Comunidades pedem acesso direto a verbas de financiamento climático na COP30

A presença maciça de organizações da sociedade civil na 30ª Conferência das Nações Unidas sobre Mudanças Climáticas (COP30), em Belém, colocou no centro das discussões a demanda de povos indígenas, afrodescendentes, ribeirinhos e demais comunidades tradicionais por acesso direto ao financiamento climático.

Esses grupos argumentam que, apesar de viverem em ecossistemas que desempenham papel crucial no sequestro de carbono, recebem apenas uma fração dos recursos internacionais destinados à ação climática. Segundo a vice-presidente sênior para a América do Sul da Conservation International, Raquel Biderman, “apenas 3% das finanças climáticas globais chegam à natureza, e as comunidades ficam com 1% desse montante”. Para ela, o volume é “ínfimo” diante do fato de que soluções baseadas na natureza respondem por cerca de 30% do potencial de mitigação do aquecimento global.

O tema ganhou destaque após manifestações que questionaram a baixa representatividade dessas populações nas negociações oficiais. Um protesto chegou a tentar atravessar o bloqueio de segurança da Organização das Nações Unidas (ONU) na capital paraense, sinalizando a insatisfação com o modelo vigente, considerado excessivamente intermediado por instituições financeiras e governos.

O pedido é respaldado por números. O Brasil abriga 1,7 milhão de indígenas, conforme o Censo 2022, distribuídos em 511 povos na Amazônia, dos quais 391 vivem em território brasileiro. A atuação histórica dessas comunidades no manejo sustentável da floresta ajuda a preservar extensos estoques de carbono, contribuindo para evitar que a temperatura média global ultrapasse 1,5 °C acima dos níveis pré-industriais — meta central do Acordo de Paris.

Estudos citados por Biderman indicam que seriam necessários US$ 7 bilhões anuais apenas para conservar a Amazônia, mas o investimento atual gira em torno de US$ 600 milhões. A lacuna de financiamento alimenta a pressão por mecanismos que cheguem “da fonte ao destino” sem intermediários onerosos.

Na COP30, iniciativas como o Fundo Florestas Tropicais para Sempre (Tropical Forests Forever Fund) apareceram como possíveis soluções. Elas se somam a instrumentos já conhecidos, a exemplo da conversão de dívida por natureza, fundos de conservação, mercado de carbono voluntário e negócios de bioeconomia. Para a executiva da Conservation International, o avanço dessas modalidades requer “uma sociedade atenta aos contratos e à qualidade dos projetos”.

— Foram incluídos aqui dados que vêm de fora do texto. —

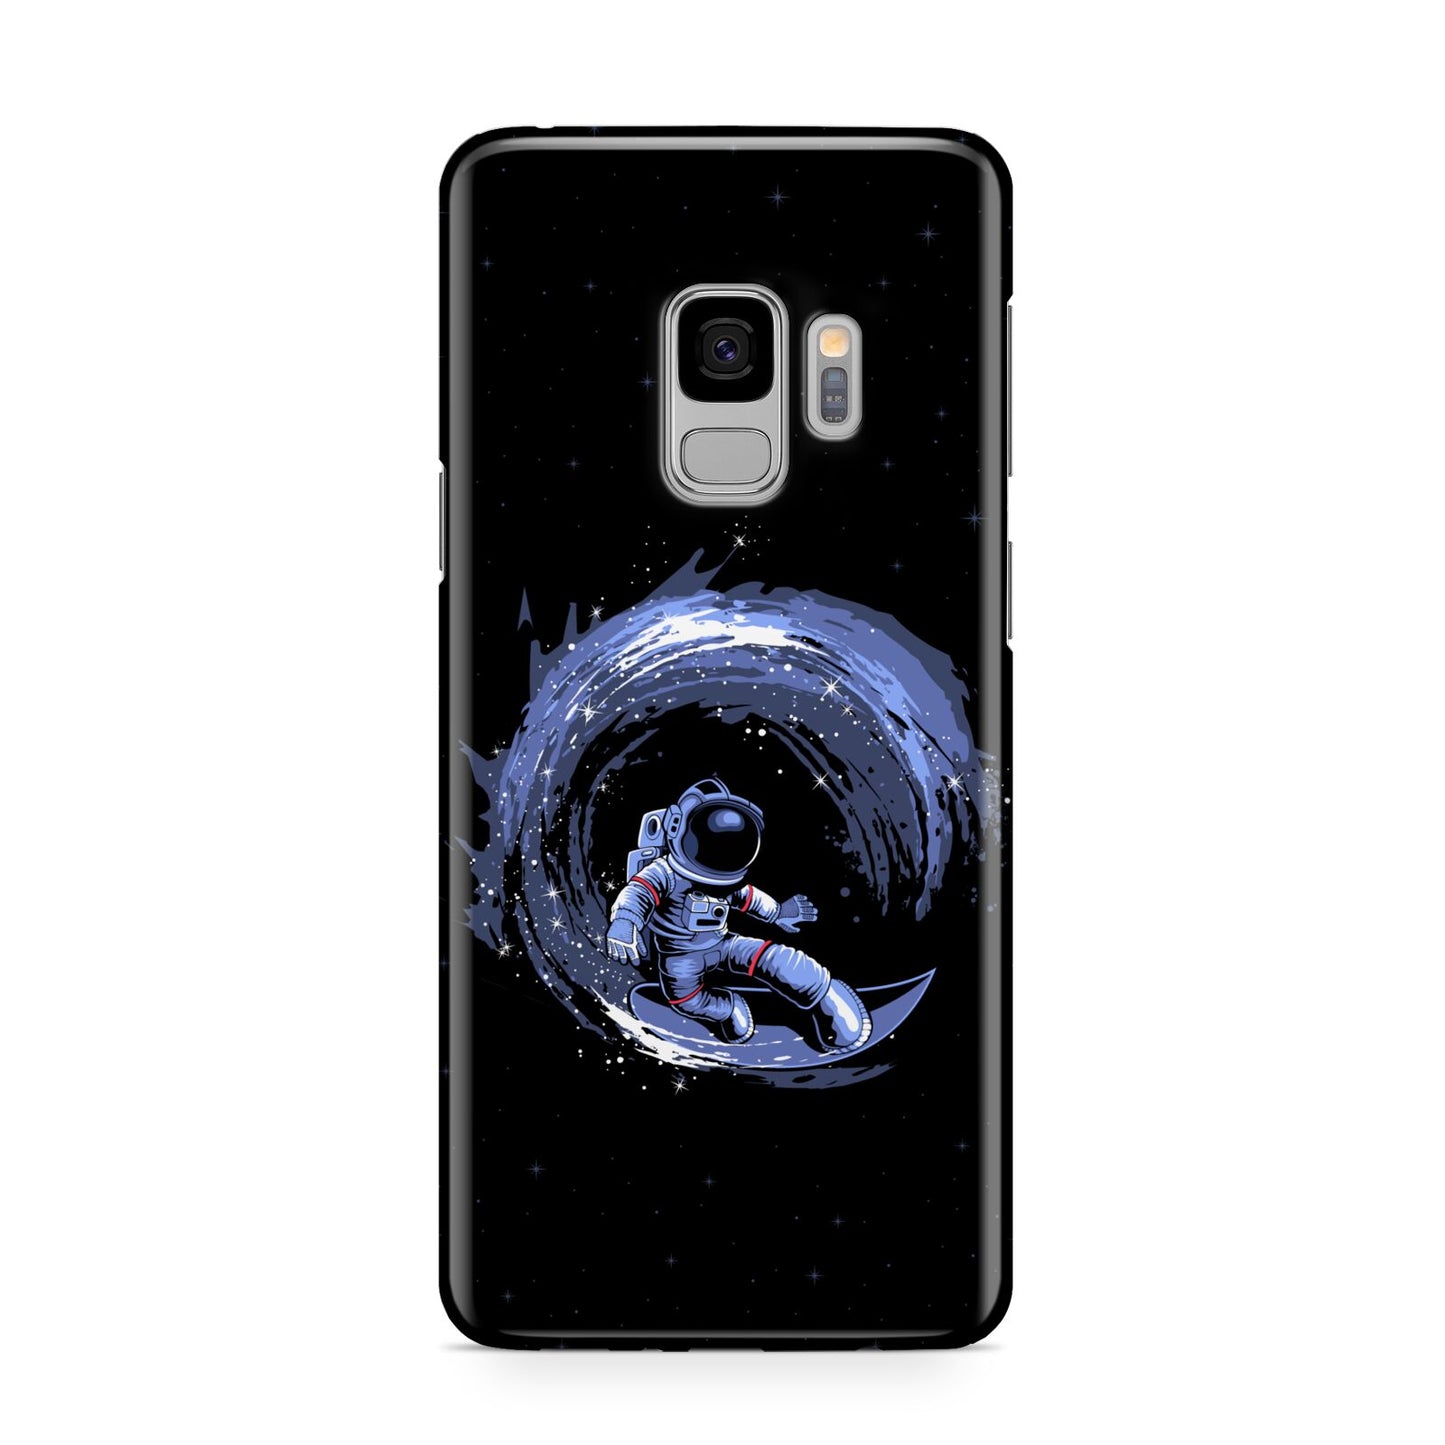 Surfing Astronaut Samsung Galaxy S9 Case

A expectativa é que o acesso direto a recursos fortaleça cadeias produtivas sustentáveis — do ecoturismo ao manejo agroflorestal — e ofereça alternativas econômicas frente ao avanço de atividades ilegais vinculadas a tráfico de drogas, armas e garimpo. Biderman lembra que mais de 100 cadeias de produtos amazônicos poderiam gerar renda sem comprometer os modos de vida tradicionais, reduzindo também o risco de aliciamento de jovens por organizações criminosas.

Historicamente, políticas públicas destinadas a povos tradicionais foram marcadas por descontinuidade. A diversificação de fontes de financiamento climático surge como estratégia para conferir estabilidade aos programas de conservação e de geração de renda nos territórios. Especialistas apontam que, para funcionar, o modelo deve combinar apoio governamental, capital privado e participação ativa das próprias comunidades — princípio que orienta a reivindicação por maior autonomia no uso dos recursos.

Enquanto países devedores do clima anunciam novos compromissos financeiros, líderes de povos tradicionais alertam que a distância entre promessas e desembolsos efetivos permanece ampla. O debate deve continuar nas próximas rodadas de negociação, com foco em estruturar mecanismos transparentes que permitam a entrega rápida e sustentável das verbas a quem mantém a floresta em pé.